Where an image appears in the data, omit it and reproduce the rest exactly.

(Stored items from a collection)
┌──

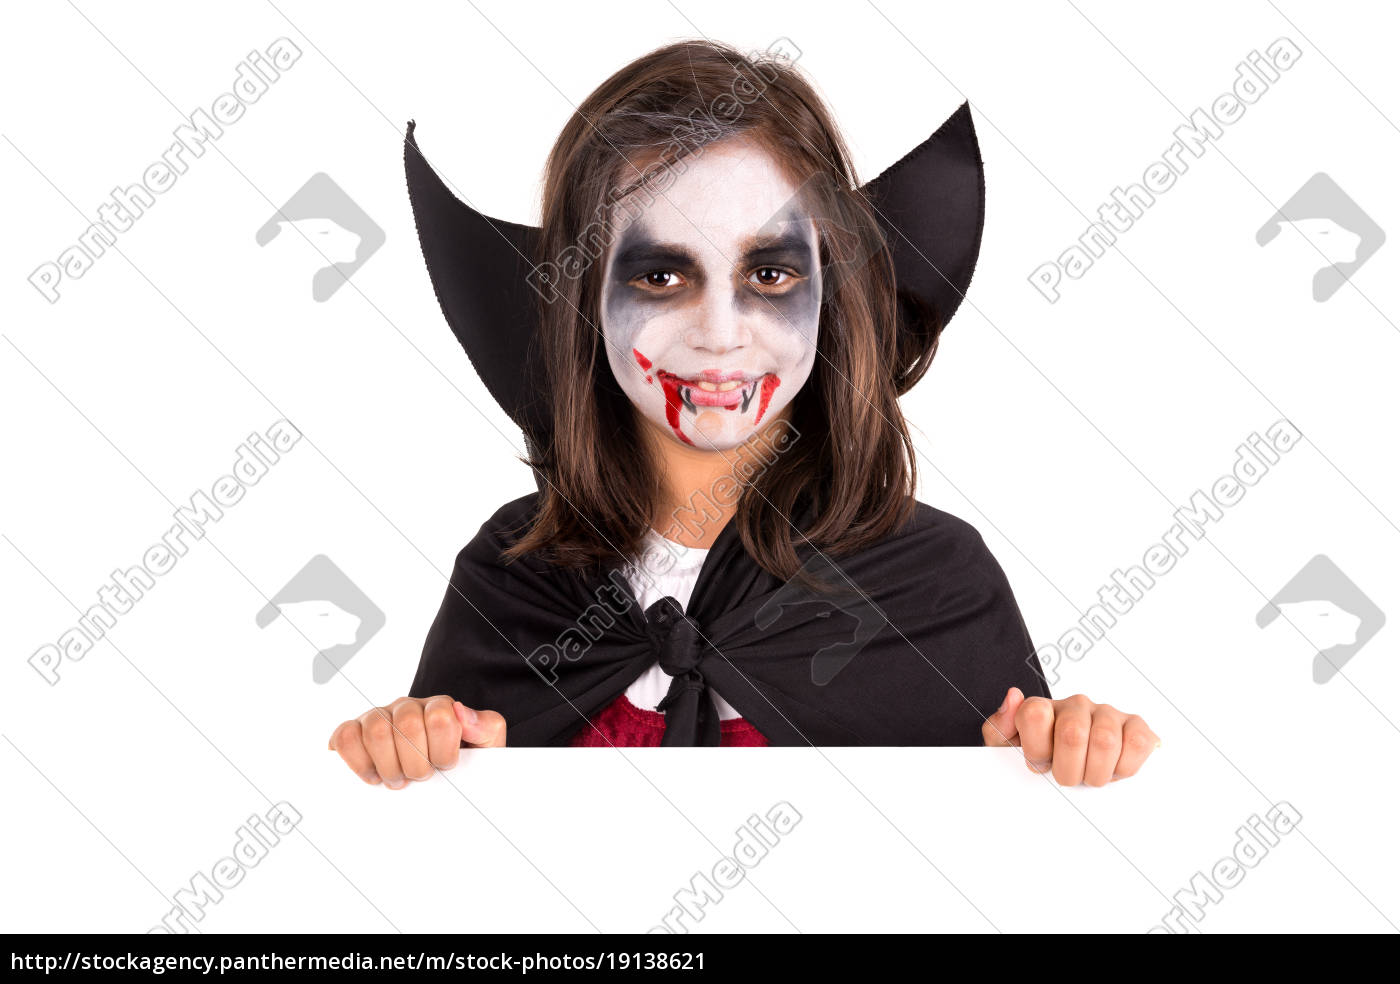 Homem Alegre Na Fantasia De Vampiro De Halloween Imagem de Stock
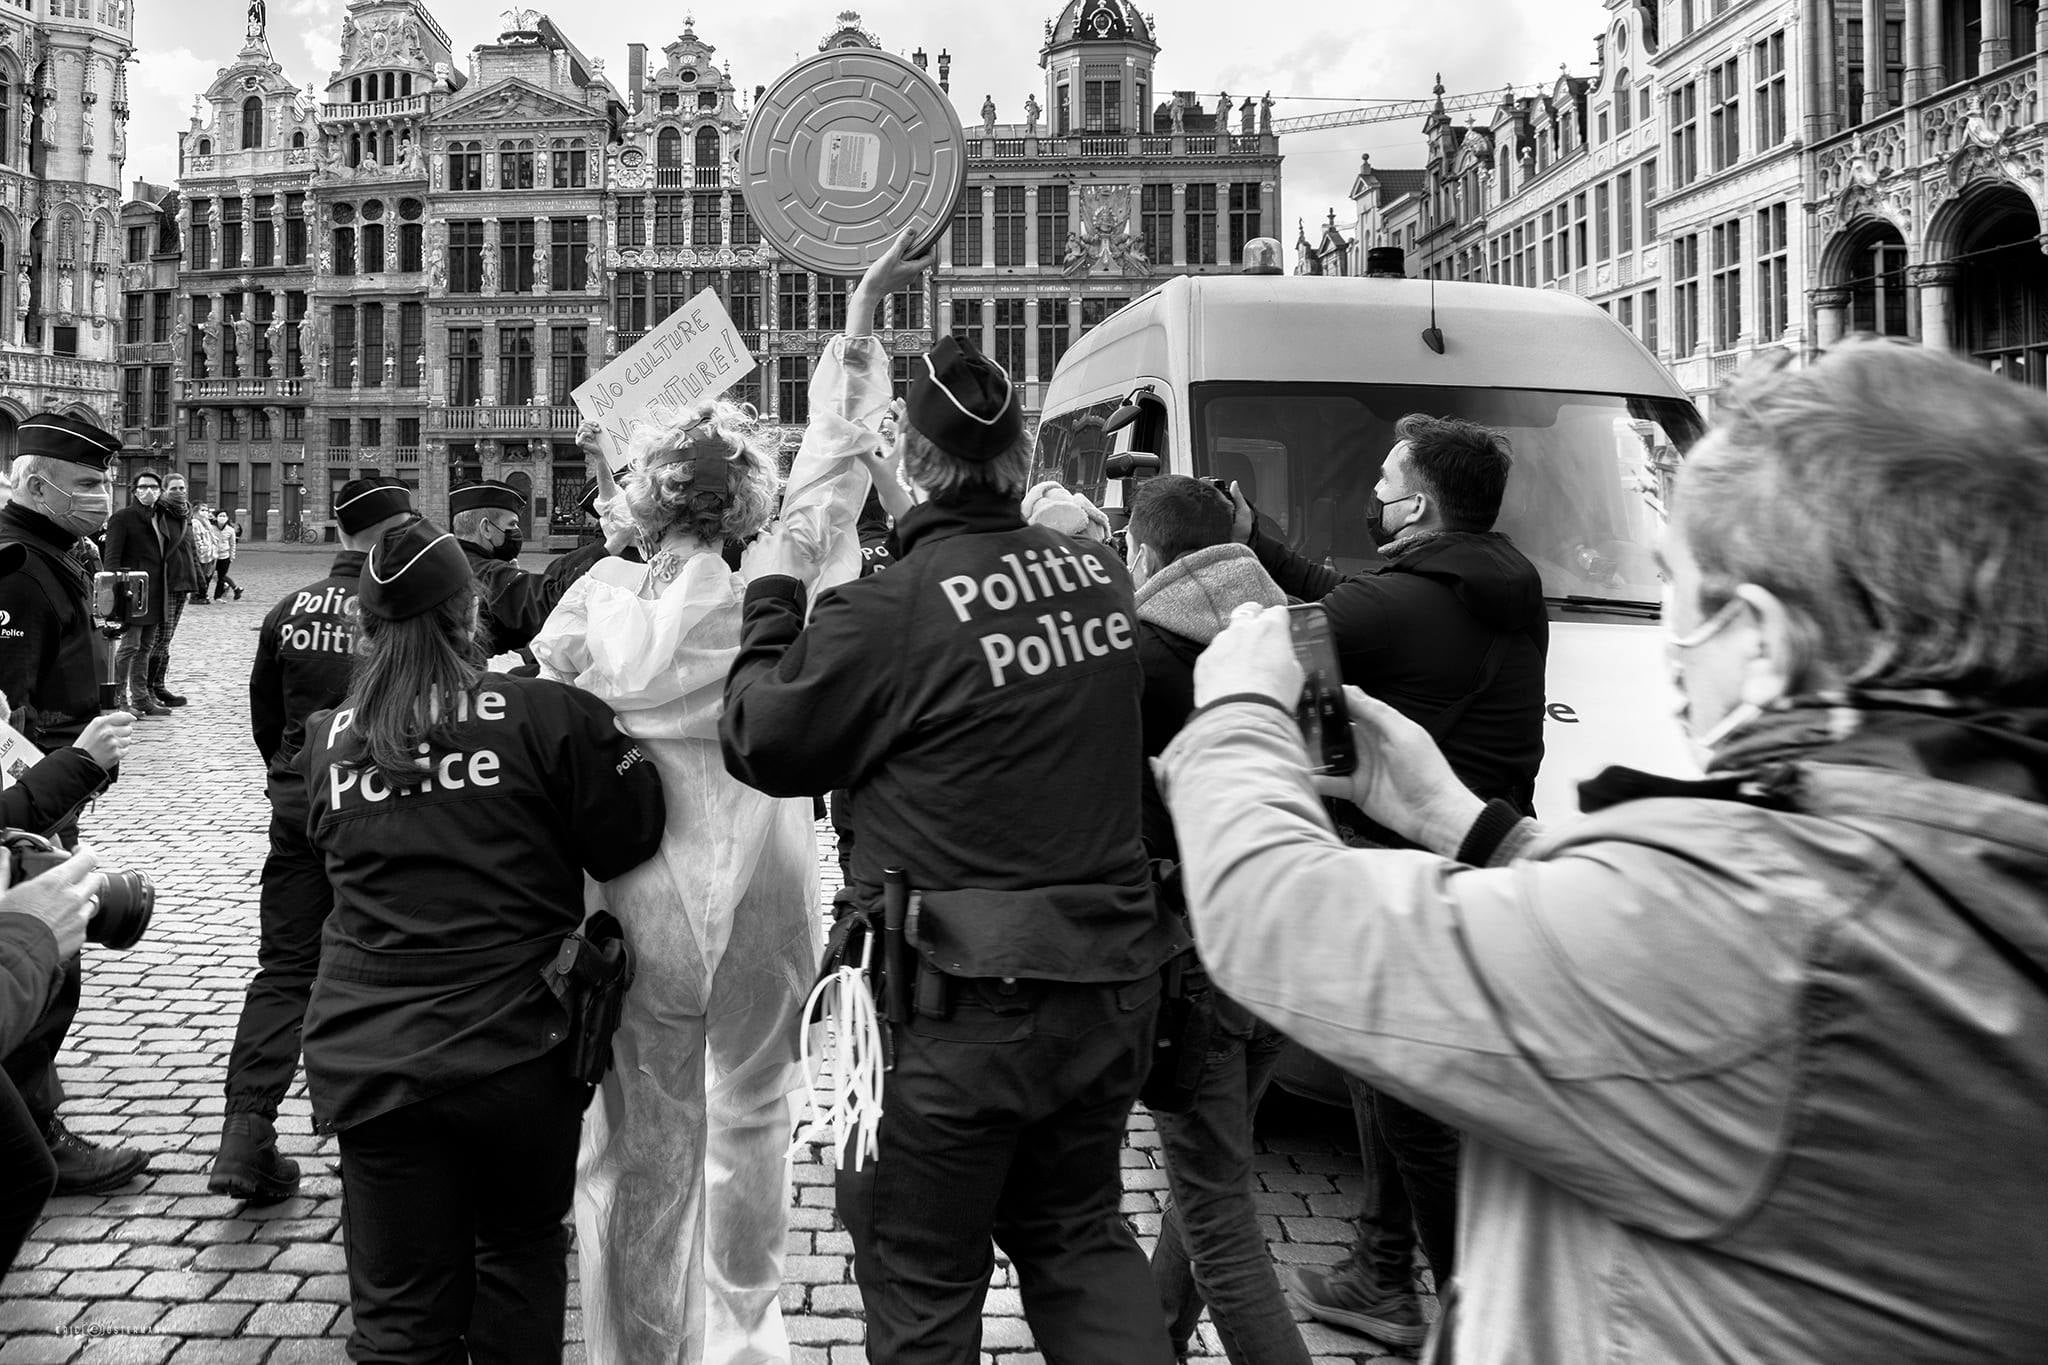 arrestation police artistes Still standing for culture (14 mars à la grand-place de Bruxelles)
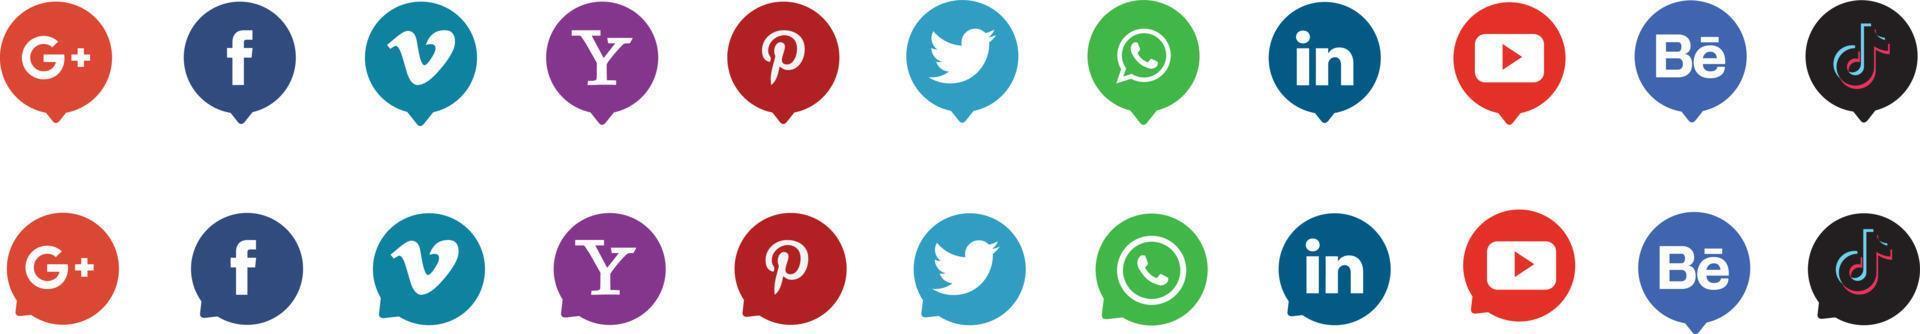 colección de logotipos de redes sociales populares. conjunto editorial realista. vector
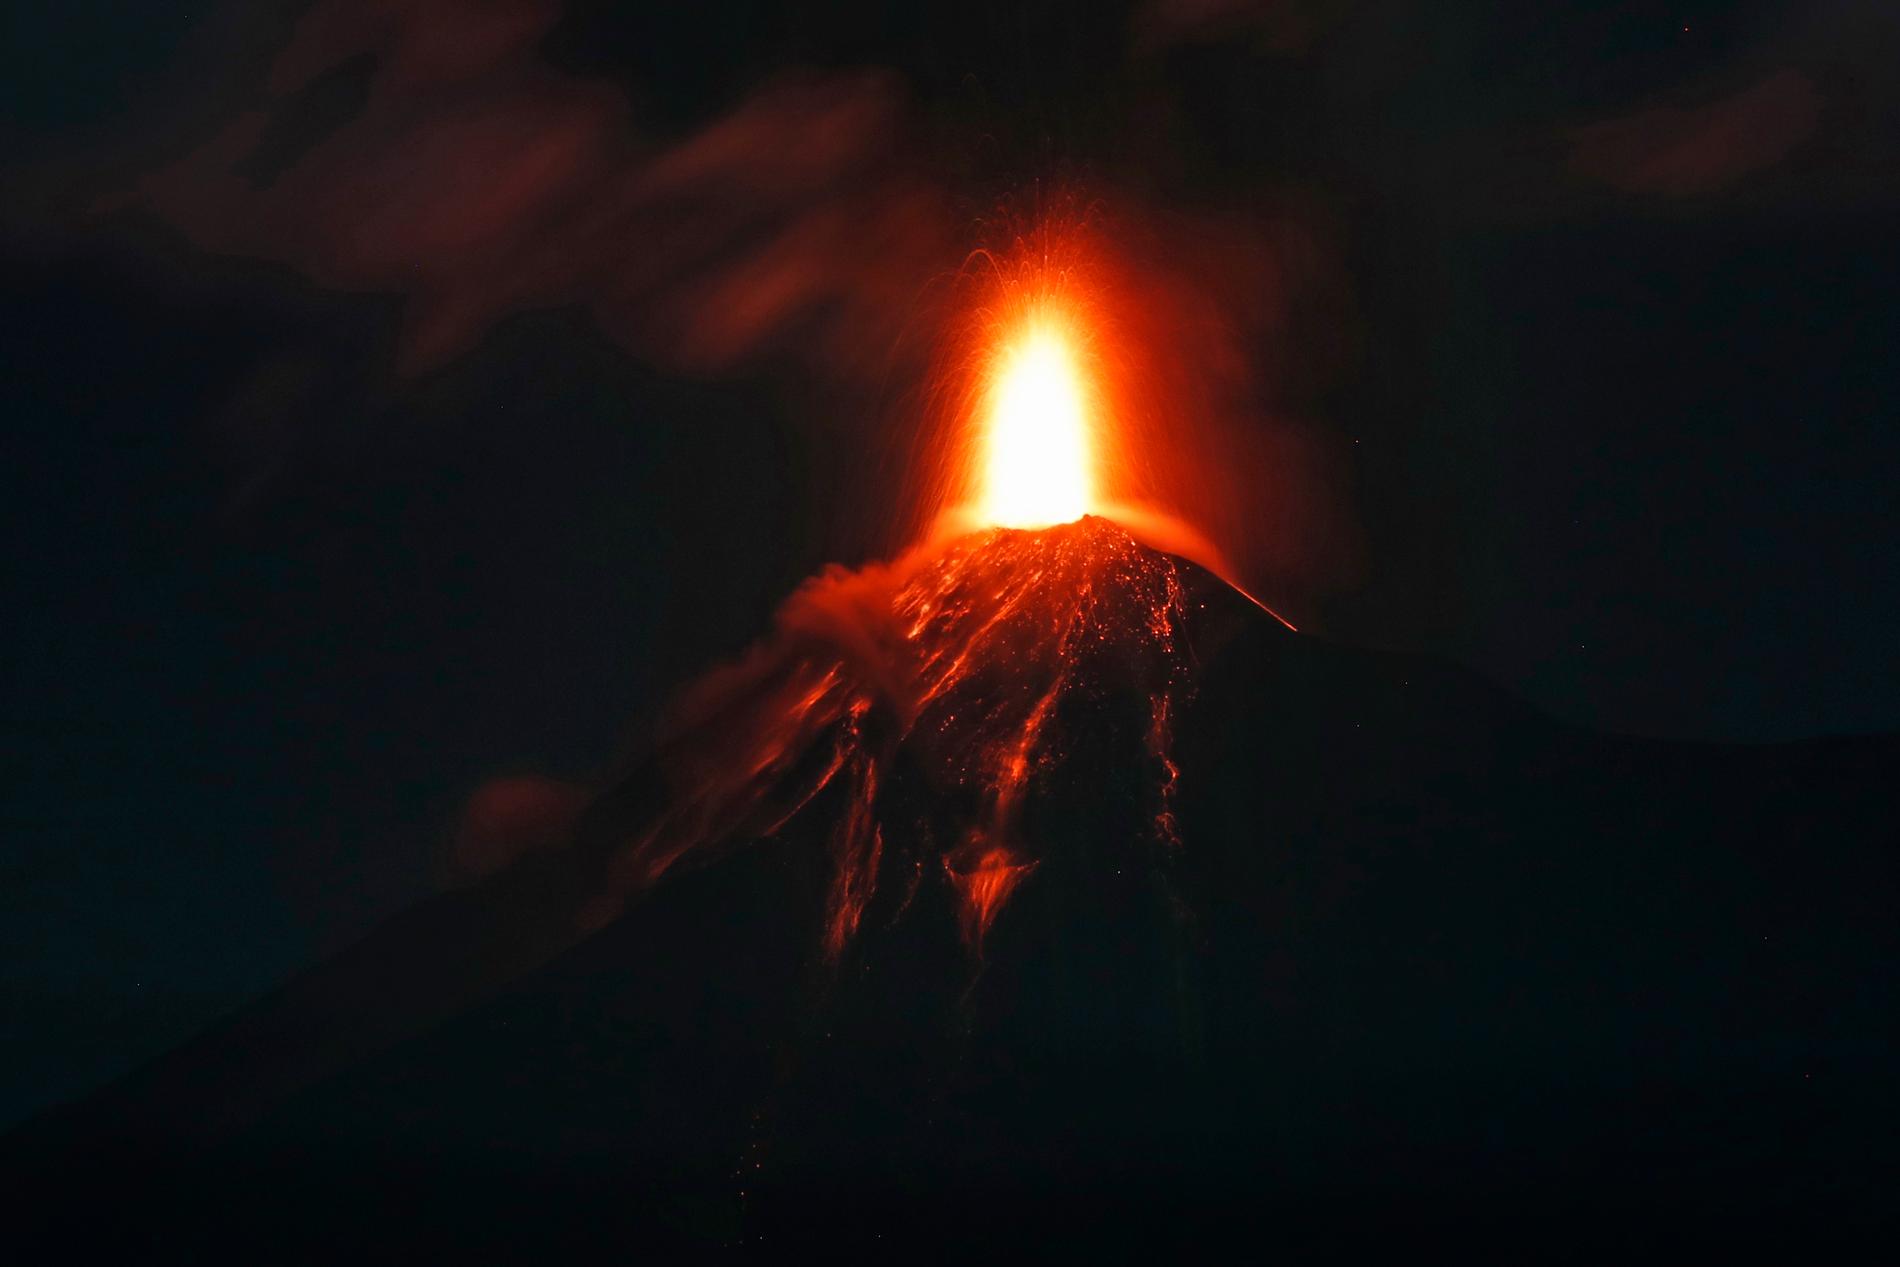 Volcán de Fuego, "Eldvulkanen", har fått ytterligare ett utbrott.
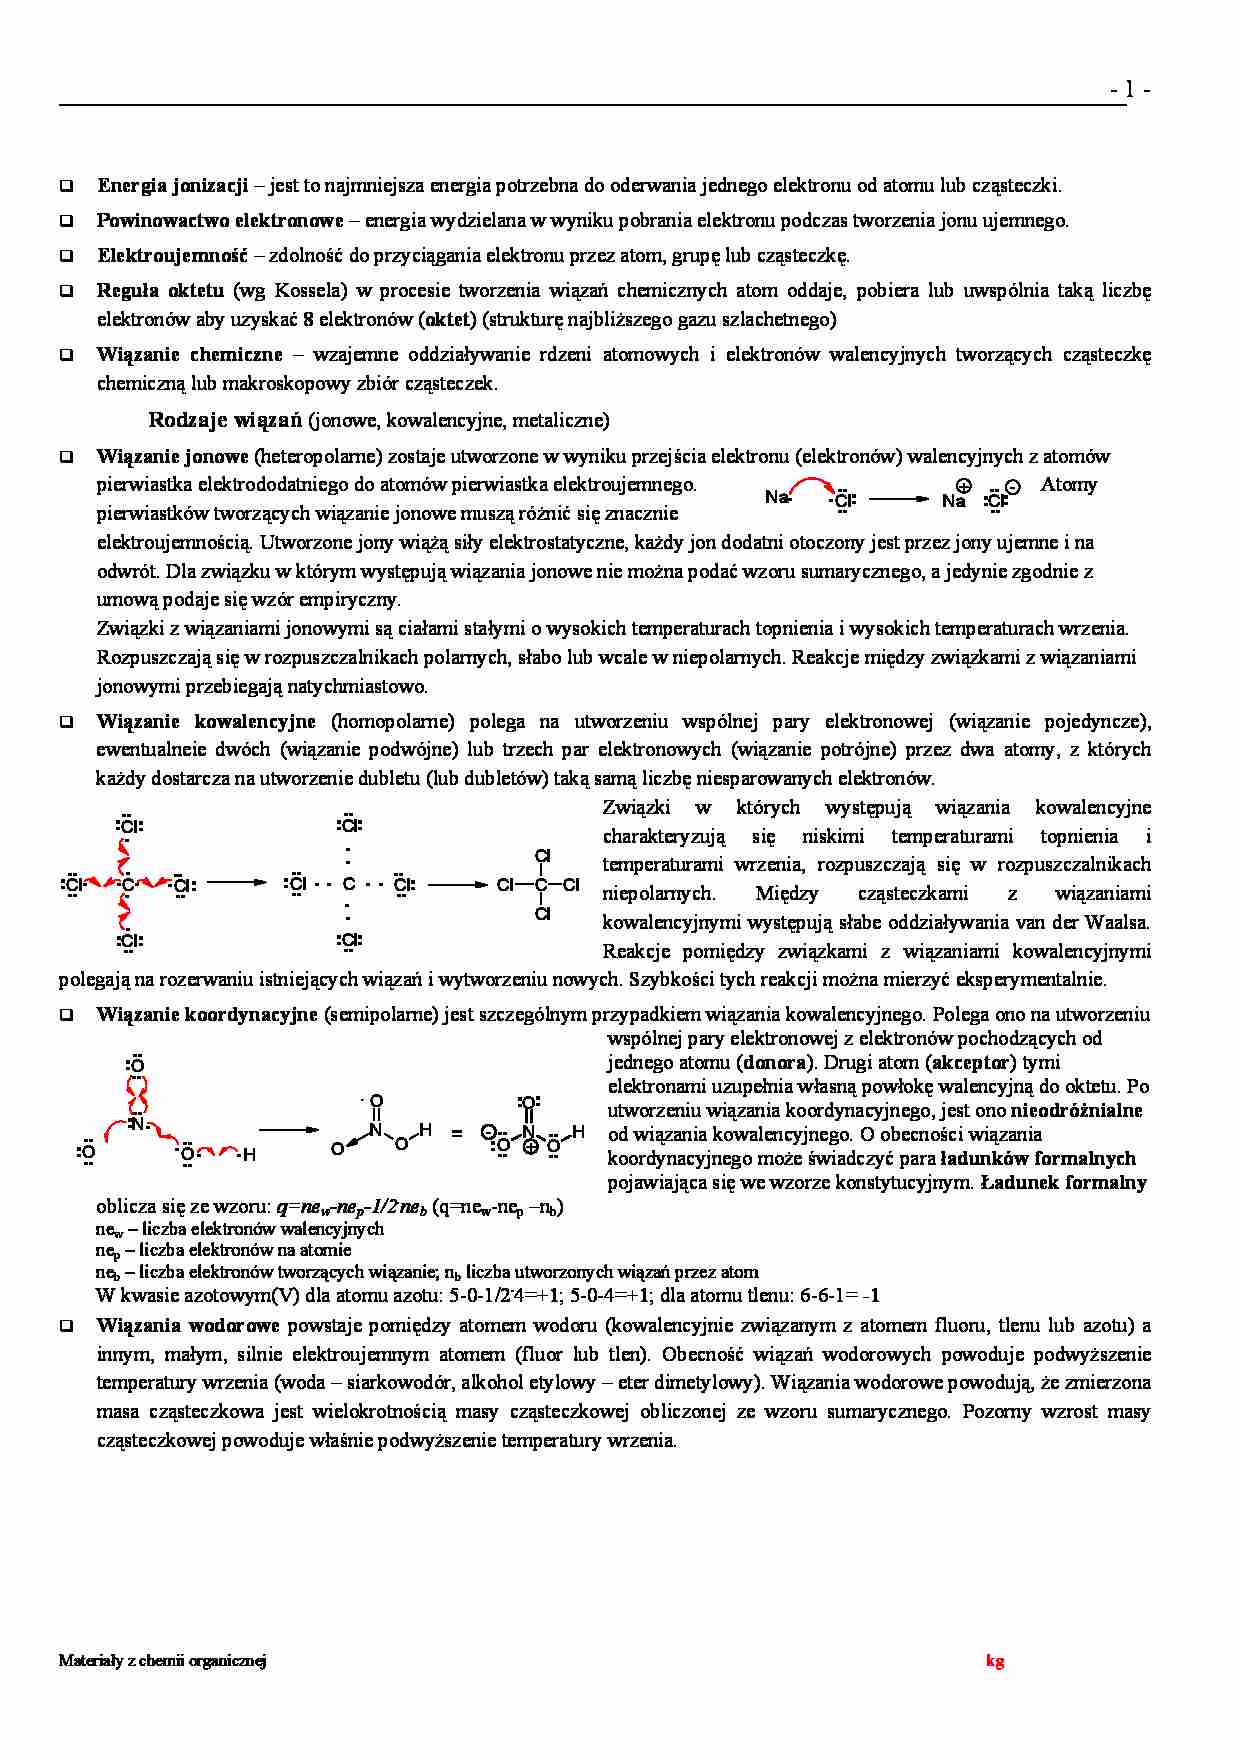 chemia organiczna  - omówienie  - strona 1

└──

• **Problem solution**:
 Homem Alegre Na Fantasia De Vampiro De Halloween Imagem de Stock
 arrestation police artistes Still standing for culture (14 mars à la grand-place de Bruxelles)
 colección de logotipos de redes sociales populares. conjunto editorial realista. vector
 Volcán de Fuego, "Eldvulkanen", har fått ytterligare ett utbrott.
 chemia organiczna  - omówienie  - strona 1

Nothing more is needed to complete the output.